Collected data –
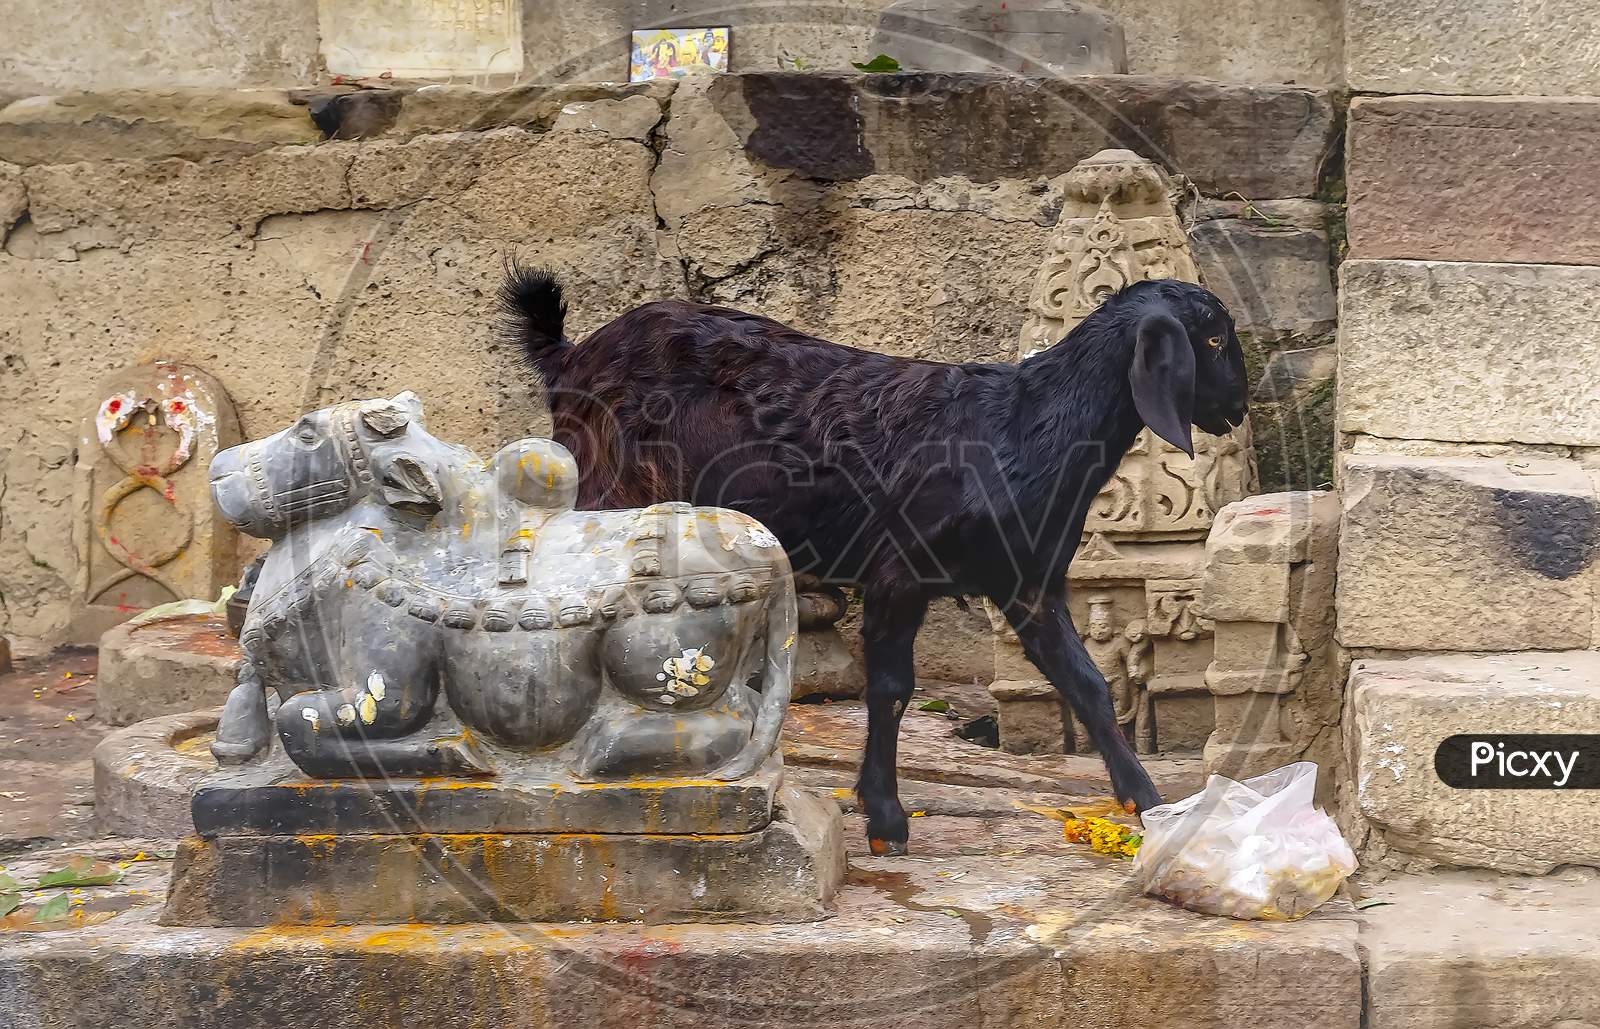 A cheeky goat eat the flower offerings to the holy cow on the banks of the holy river Ganges.
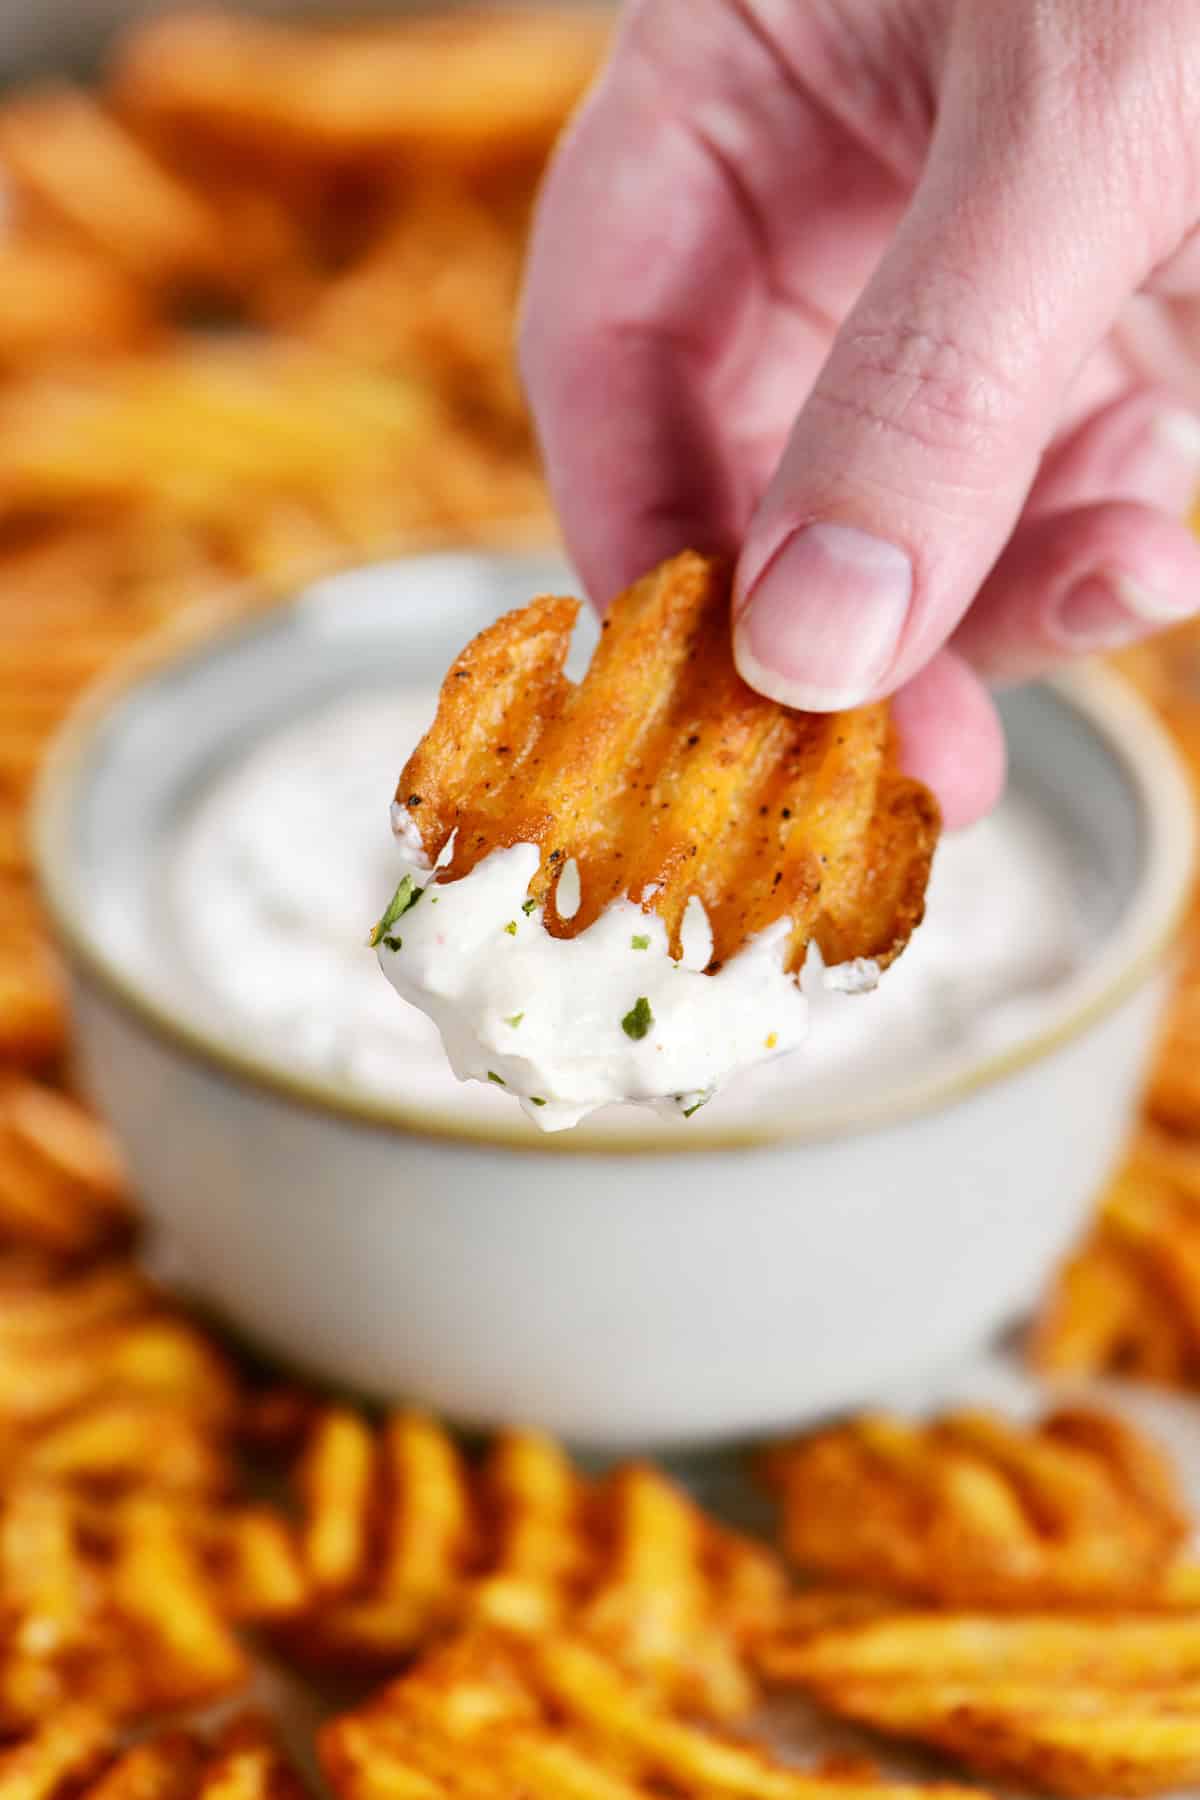 A hand holding a waffle fry with seasoned sour cream on top.
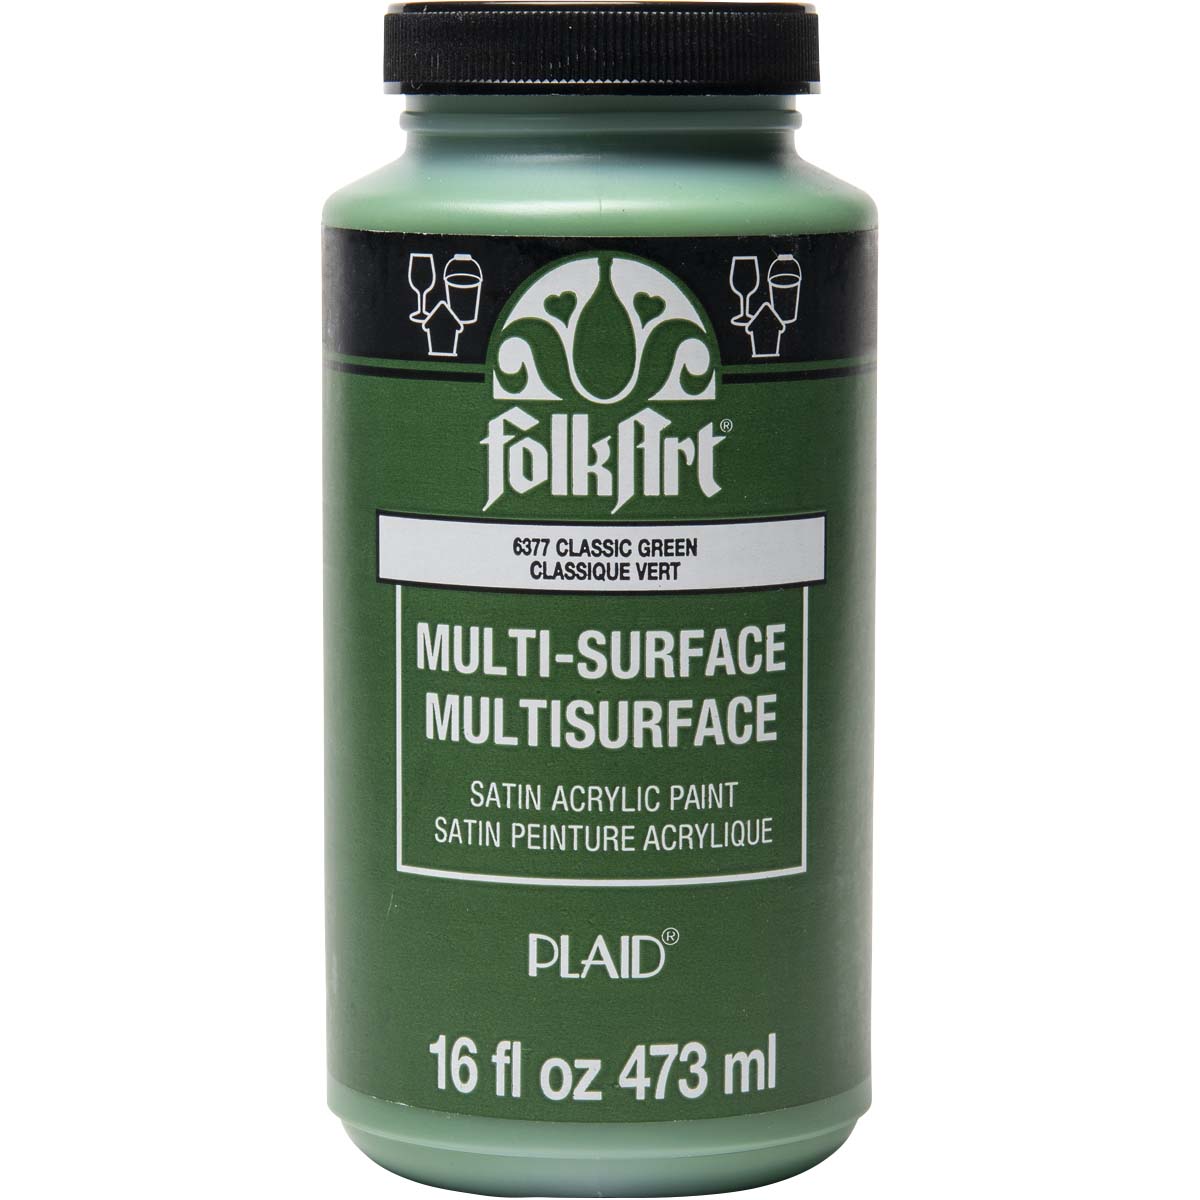 FolkArt Multi-Surface Acrylic Paint 59ml - The Drawing Room

Directions – Set down the material above word for word and skip its pictures.

Solution –
 A cheeky goat eat the flower offerings to the holy cow on the banks of the holy river Ganges.
 A hand holding a waffle fry with seasoned sour cream on top.
 FolkArt Multi-Surface Acrylic Paint 59ml - The Drawing Room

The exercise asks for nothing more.